Consistent with previous findings, perinatal ARV exposure was not associated with the occurrence of drug-resistance mutations.11
There are several plausible explanations to account for the occurrence of drug-resistant HIV in infants despite the absence of selective drug pressure in the perinatal period. For example, resistance mutations could have emerged in the mother during ARV treatment that occurred before pregnancy, with drug-resistant variants persisting at high levels after treatment was discontinued. Although a rapid shift from resistant to wild-type virus is observed frequently after removal of selective drug pressure, drug-resistant variants have been shown to persist at detectable levels for several months after discontinuation of treatment.17,18
Furthermore, persistence of drug-resistant HIV in the absence of selective drug pressure has been observed in the genital tract.19
Alternatively, the mother could have become infected with a drug-resistant strain of HIV, either before or during pregnancy, and could have transmitted this strain to the infant while remaining ARV naive. In a study of HIV-infected pregnant women in St. Louis, MO, 3 of 18 (17%) ARV-naive women were found to have NNRTI-resistant virus.20
MTCT of HIV during primary infection of the mother has been observed,21
and long-term persistence of drug-resistant variants acquired in primary infection has been well documented.22–26
Finally, it is possible that the mother was exposed to ARV drugs during the pregnancy, but her treatment was not documented.

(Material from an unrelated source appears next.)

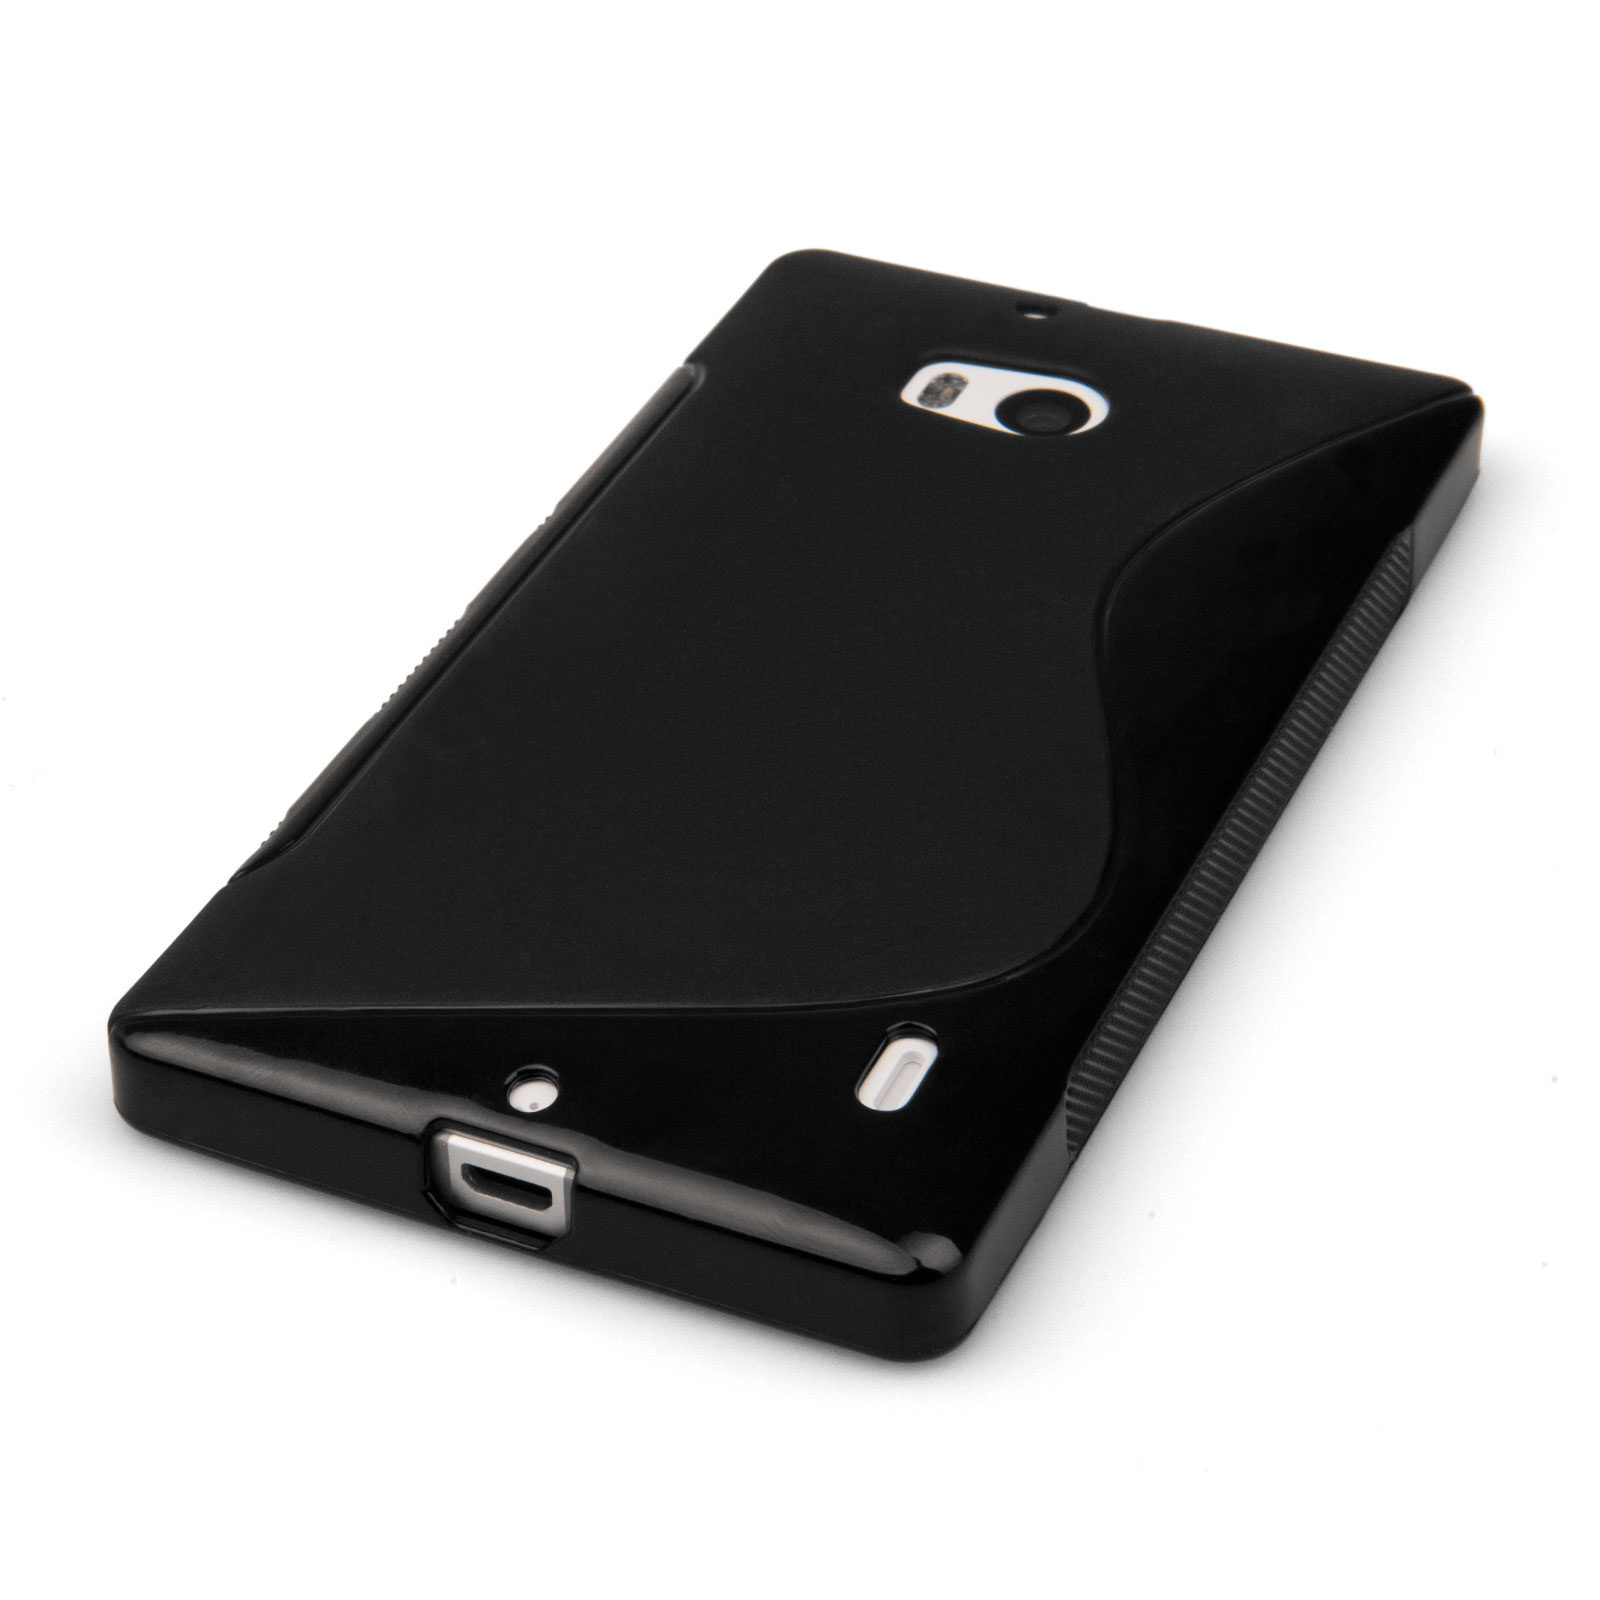 Caseflex Nokia Lumia 930 Silicone Gel S-Line Case - Black

The prevalence rate of 16.7% for non–subtype B HIV strains in this infant cohort is considerably higher than prevalence estimates reported for other US cohorts, with estimates ranging from 1.2% to 5.4% in the adult population.27–29
We have estimated the prevalence of non–subtype B strains to be 4.4% in our previously described infant cohort,11
suggesting that subtype diversity among the perinatally infected population of New York State may be increasing. This is particularly important given that false-negative HIV DNA PCR test results have been reported in the United States for infants infected with non–subtype B strains of HIV.30,31
It is not clear whether the apparent rise in non–subtype B infections reflects increasing subtype diversity in the population of HIV-infected women giving birth in New York State or whether women infected with non–subtype B strains are more likely to become pregnant or deliver than women infected with subtype B strains.
The current guidelines for the use of antiretroviral agents in pediatric HIV infection recommend that resistance testing be considered in newly diagnosed infants younger than 12 months before initiation of therapy and emphasize the importance of monitoring the frequency of drug-resistant HIV in newly infected infants.32
The guidelines also indicate that in cases where perinatal exposure to a non–subtype B strain is suspected, a negative diagnostic test should be interpreted with caution, and the use of tests shown to be sensitive to non–B strain detection is recommended.32
The results of our study indicate that drug-resistant and non–subtype B HIV strains seem to be increasing in the perinatally infected population. Data on the clinical benefit of resistance testing upon diagnosis of HIV infection in infants are currently lacking. However, based on the results of this study, drug-resistance testing of all infants upon confirmation of HIV infection is warranted. Furthermore, infection with a non–subtype B HIV strain should be considered in interpretation of diagnostic test results and in developing disease monitoring and treatment strategies for the pediatric population.